We decided that we needed to get a more holistic view of the city, so we (very, very stupidly) decided on our second day to take the teleferico, a cable car that ascends you from 2850 meters to 4050 meters in about 9 minutes. Have you ever...been alive, at high altitudes before? It's hard right? Usually, when you are dealing with high elevations you take things slowly, you let your body get acclimated to the new situation and, after several days, you feel better, more clear-headed, and able to function.
You can do that responsibly.... or you can take a cable car 1200 meters straight up the side of a mountain, sort of like if you hopped into a jet, pointed it towards the sky, and just hit the ignition switch.
This was really stupid...wheee!
By the time we got to the top, and realized that a good portion of the things to do at the "top" were to hike even higher, we decided it may be a good idea to take it easy.
Okay I'm lying, we just went higher
Spooky buildings are usually on top of mountains
Eventually, our oxygen-deprived brains turned us around and sent us back to town.
Free ear flowers to everyone who survives rapid, entirely ill-advised elevation changes!
We decided that perhaps a few more terrestrial days would serve us well, so decided to follow our natural tourist-y instincts and visit Mitad del Mundo, or "Center of the World." Despite being misleading for a variety of reasons (no dinosaurs, don't enter through a volcano, not actually geographic center of anything) there is a big monument that theoretically shows you where the equator passes through Ecuador (quick: how did Ecuador get its name?
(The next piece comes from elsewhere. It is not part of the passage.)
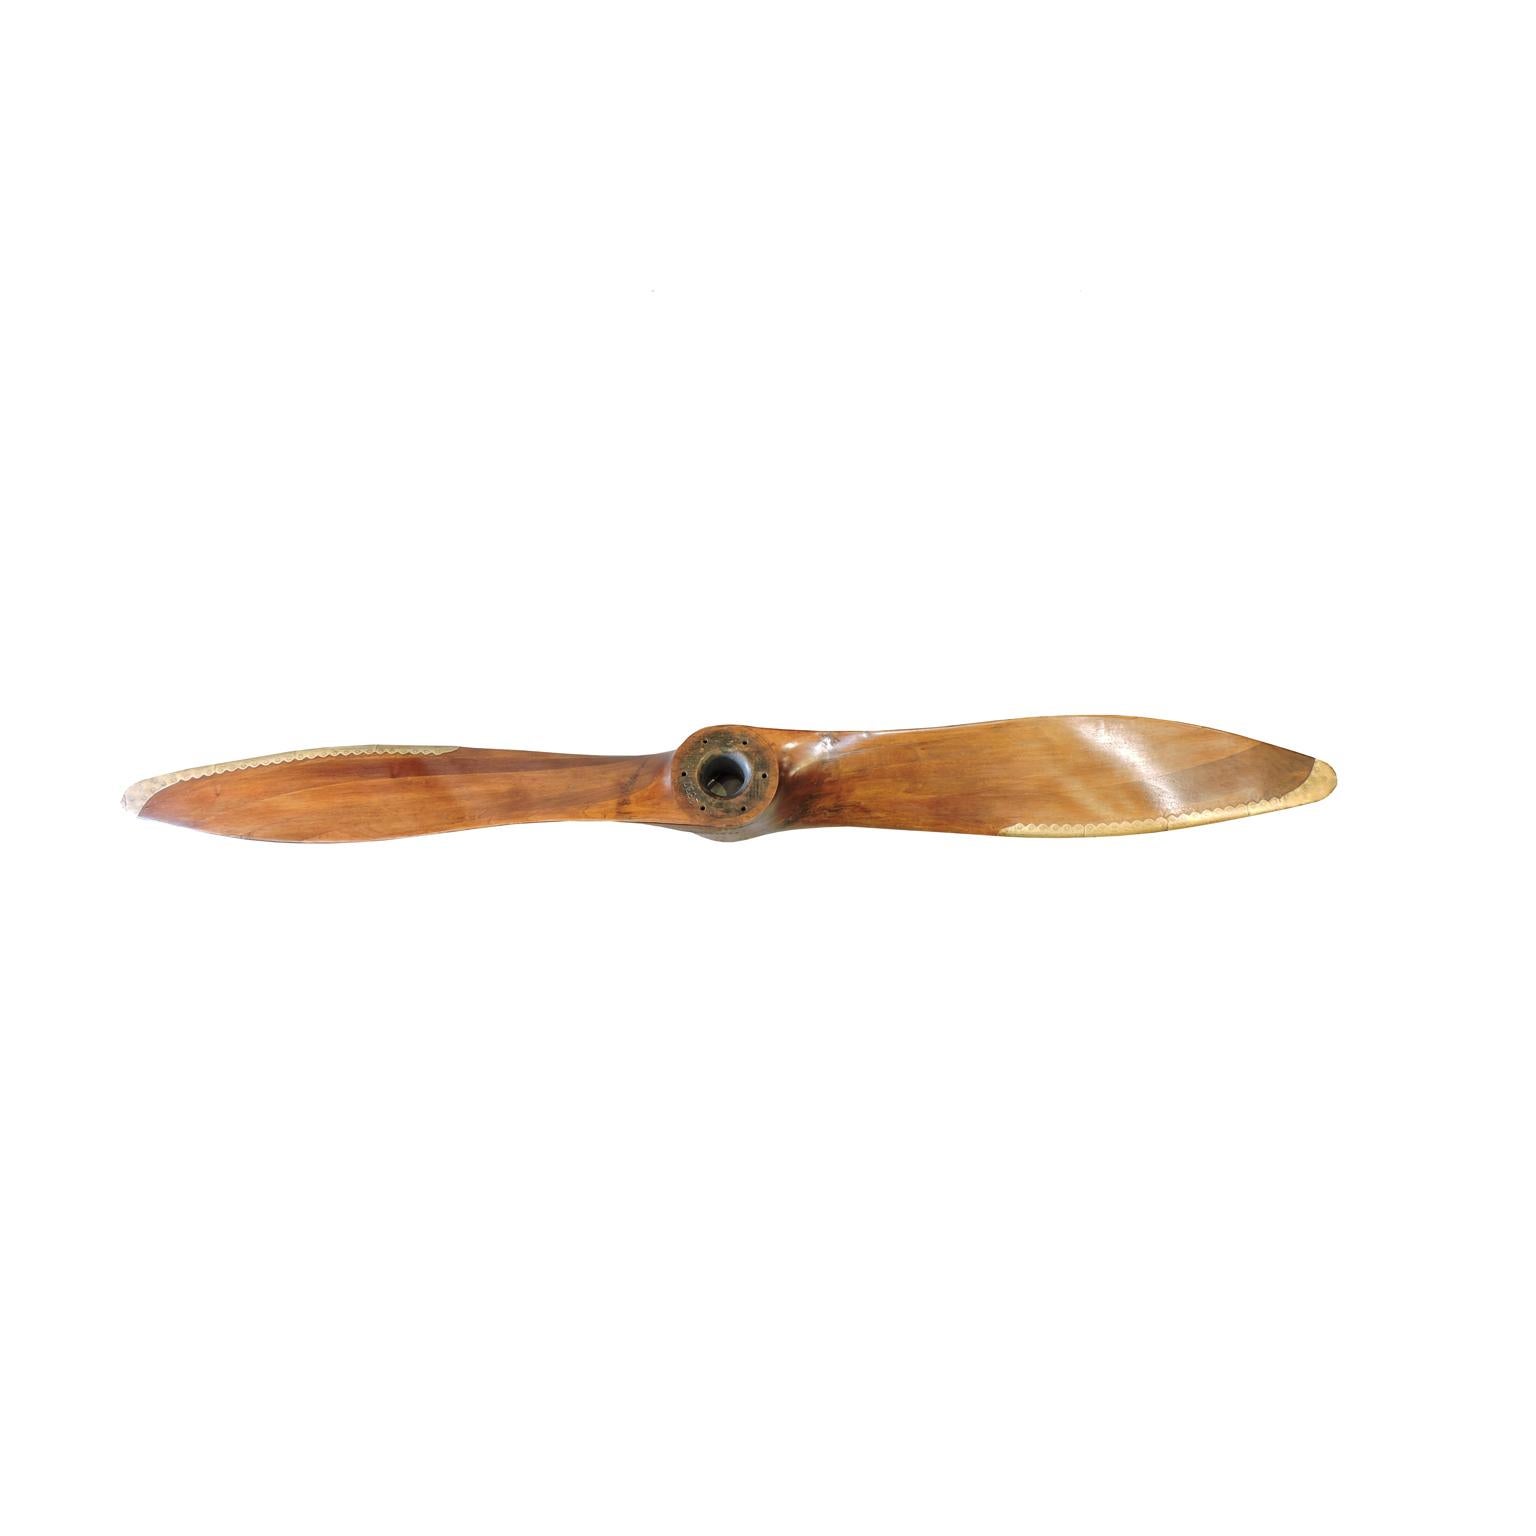 Walnut multilayer lamellar propeller with brass side reinforcements and hub with 6 holes, mounted on FIAT A 50 aircraft engine, for Caproni Ca 100 single-engine two-seater biplane produced from 1928 to 1932, airplane known as Caproncino. 209x13.5x21

Bam! Now you've learned something. Apologies). How big is the monument?
Eh...about this tall.
So that's what it looks like at the equator. I know, everyone thinks that they'll see water just spinning endlessly in pools without actually draining away...
At least...I thought it would...
but really, the only thing there was this real big monument. And also an insect museum. Not insects native to the equator, just insects. Of course, you have to pay for entry, I guess as many attractions as you can cram in make it worth maintaining the really big obelisk that people come to gawk at.
We spent another day or so in Quito, in Churches and on hillsides, taking in the variegated views that a hilly city in a basin provides. But soon, our itchy feet needed scratchin', and we were on our way to Cotopaxi, to see what this whole "volcano-climbing" business was all about.
This church....super tall...
In case you didn't believe me about the hills and stuff...here they are! Also that is a mega-big Jesus up on that hill, however the stairs to walk up to are so dangerous (because people will rob you) that you mostly admire it from a distance
This view makes the church look way more menacing than it really was
I should not have been sitting up here...
Taylor made it to the top, despite being totally (and reasonably) freaked out about the height, narrowness, and general absurdity of attempting to get to the upper-most part of nearly any church.